*Data records*
========================================================================
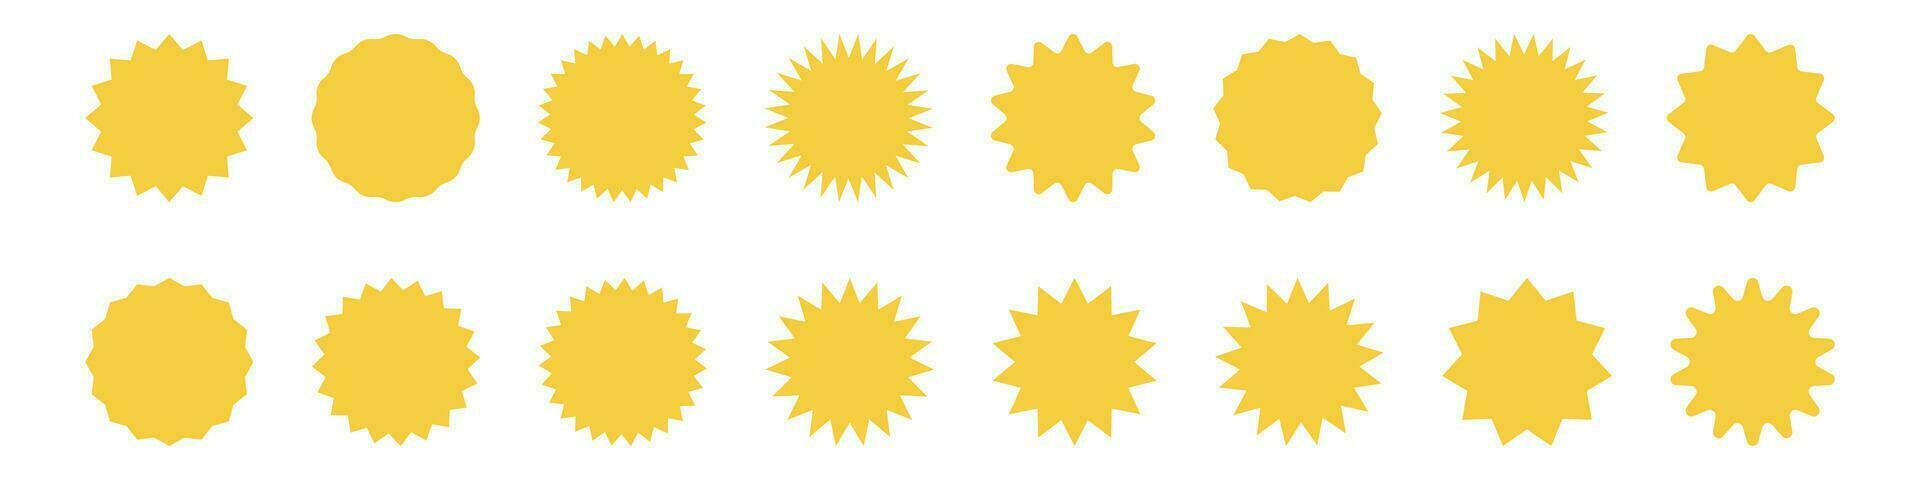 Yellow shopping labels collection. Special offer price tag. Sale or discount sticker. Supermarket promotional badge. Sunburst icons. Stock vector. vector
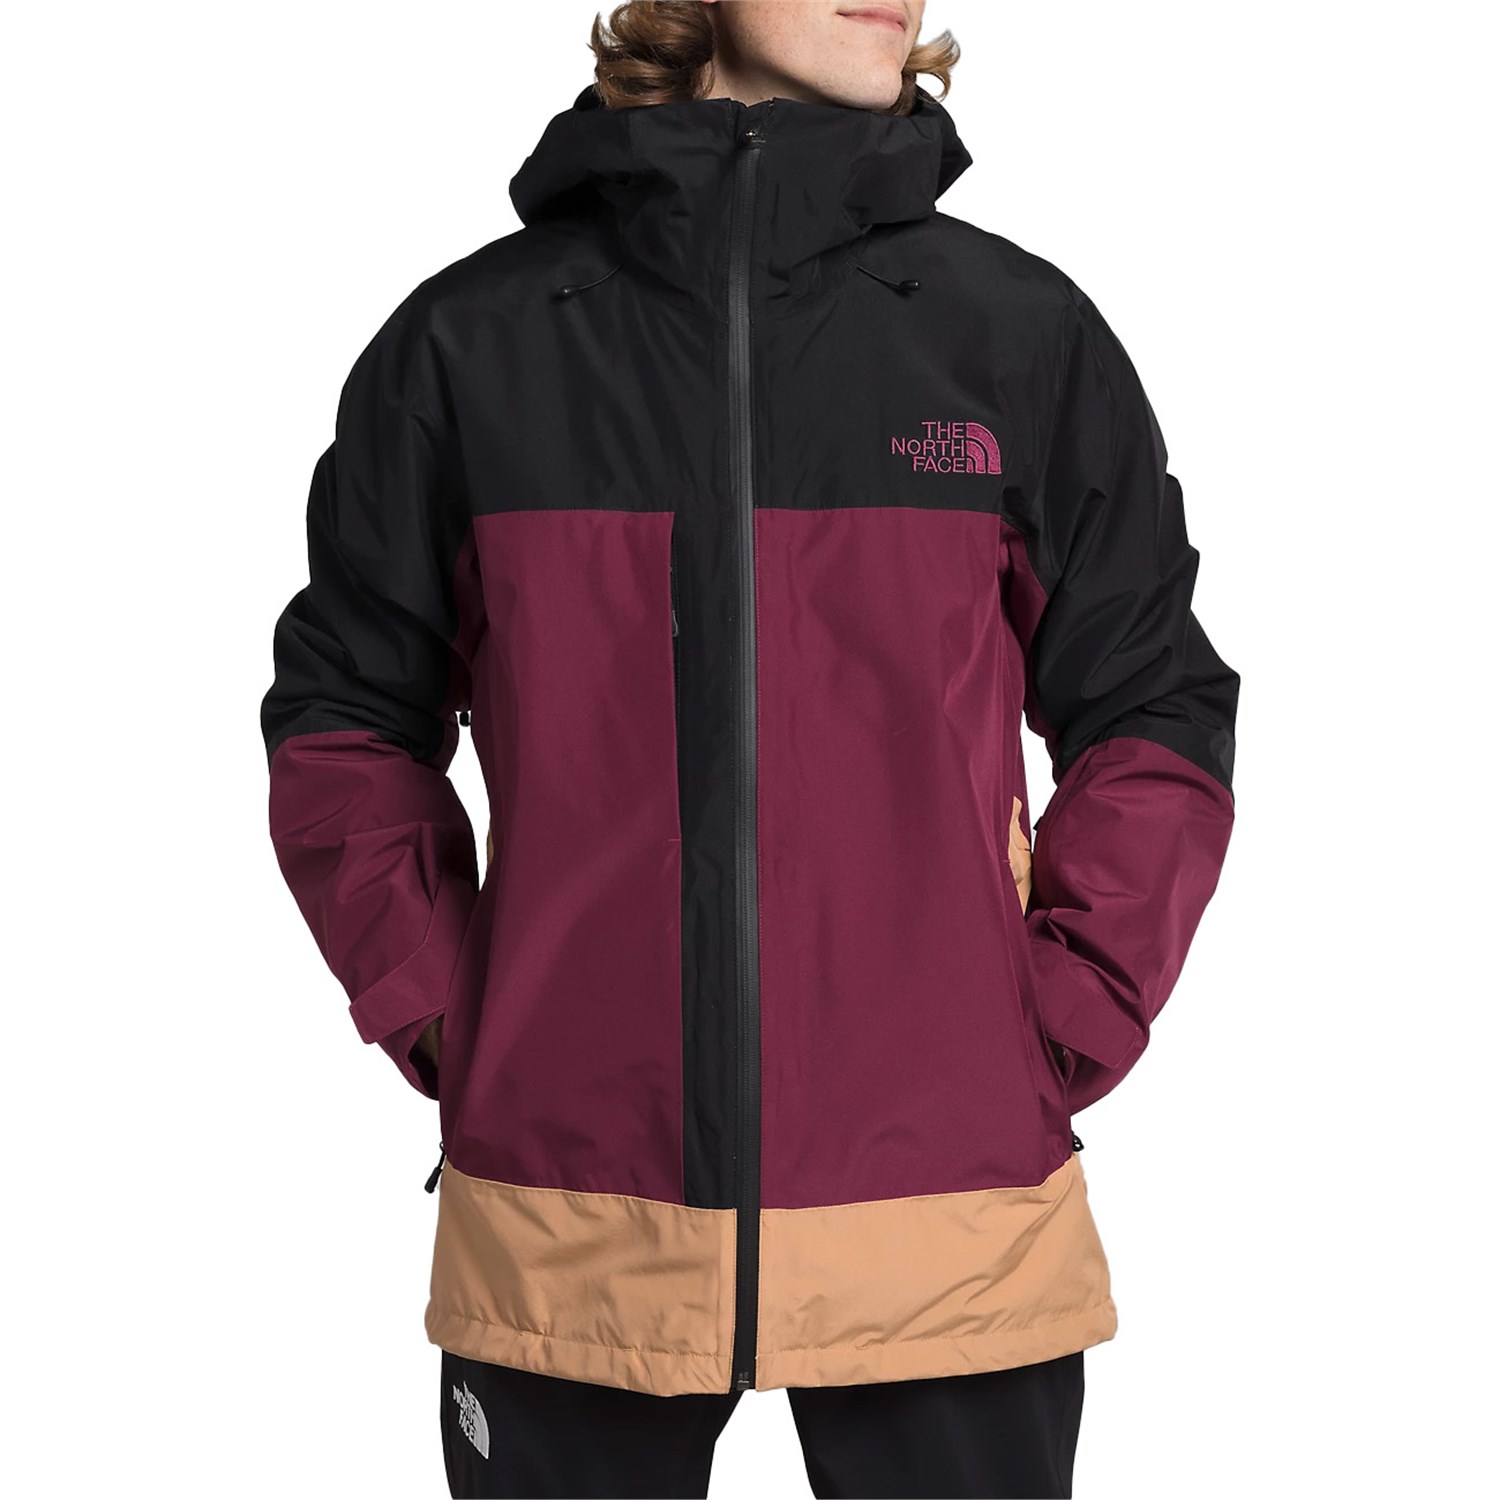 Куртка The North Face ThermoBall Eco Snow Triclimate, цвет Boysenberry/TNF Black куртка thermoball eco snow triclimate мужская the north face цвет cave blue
========================================================================
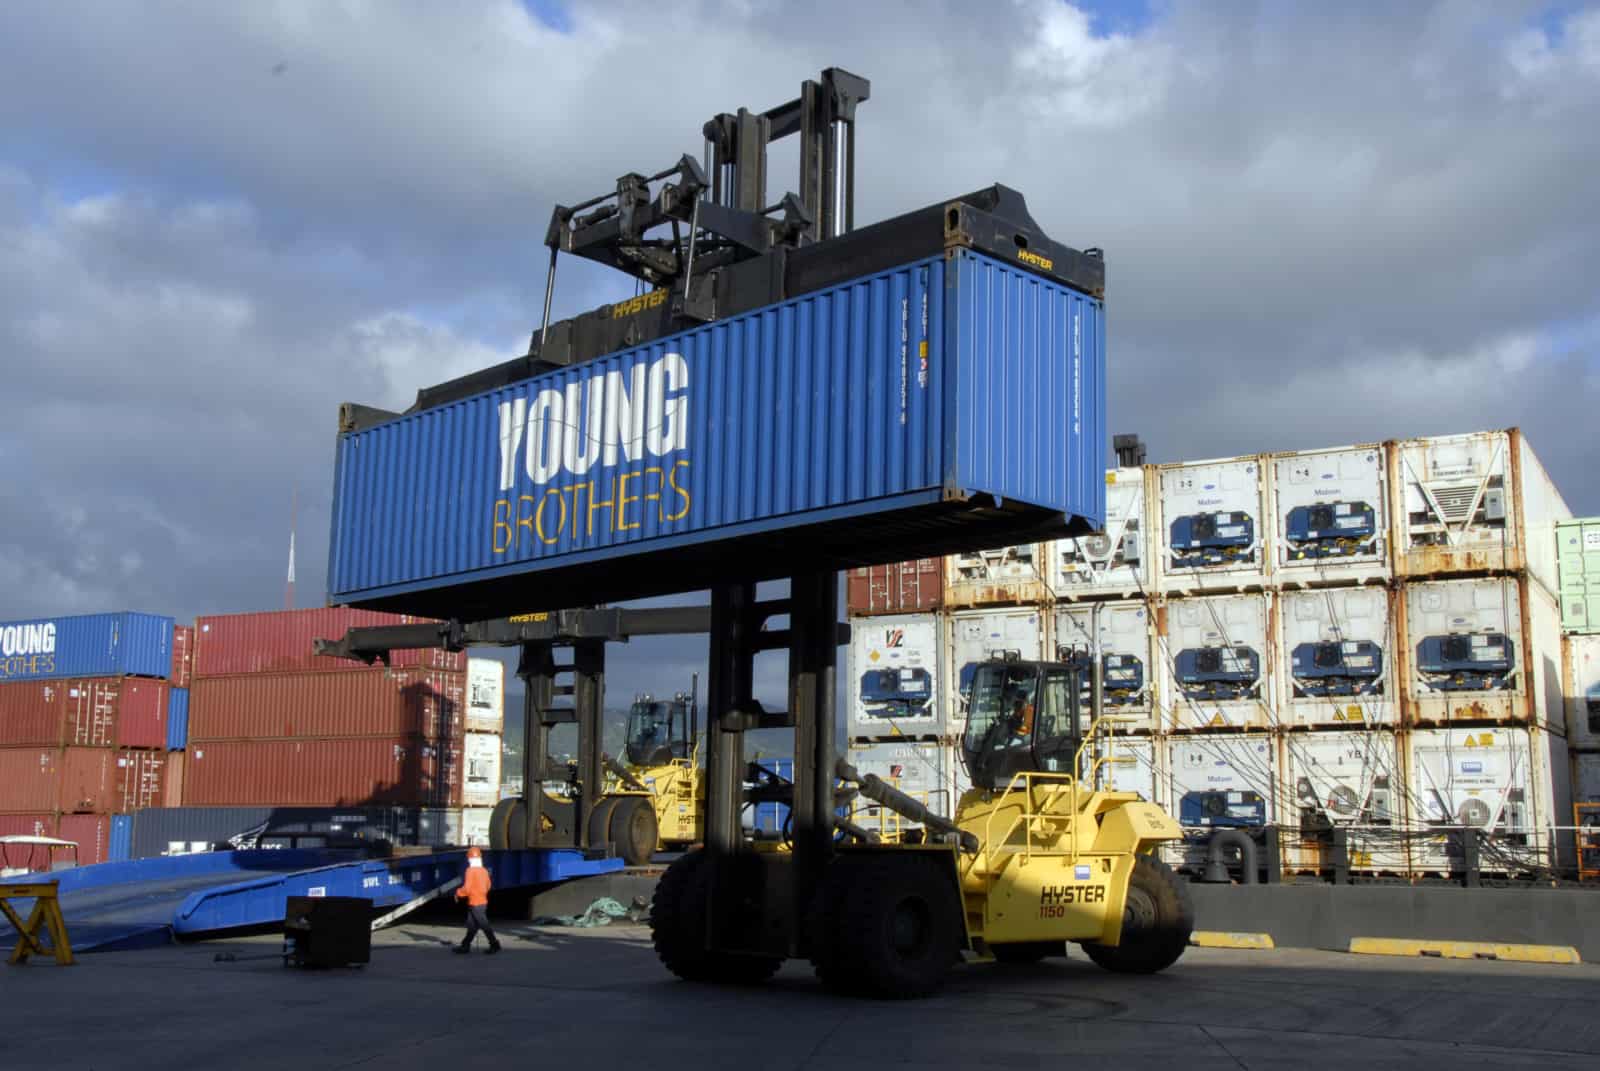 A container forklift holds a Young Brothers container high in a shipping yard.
========================================================================
*Exercise goal*
From the listing above, restate verbatim the lines running from the one with "Yellow shopping labels" through the one with "Куртка The North", inclusive, but not the pictures.

*Answer section*
 Yellow shopping labels collection. Special offer price tag. Sale or discount sticker. Supermarket promotional badge. Sunburst icons. Stock vector. vector
 Куртка The North Face ThermoBall Eco Snow Triclimate, цвет Boysenberry/TNF Black куртка thermoball eco snow triclimate мужская the north face цвет cave blue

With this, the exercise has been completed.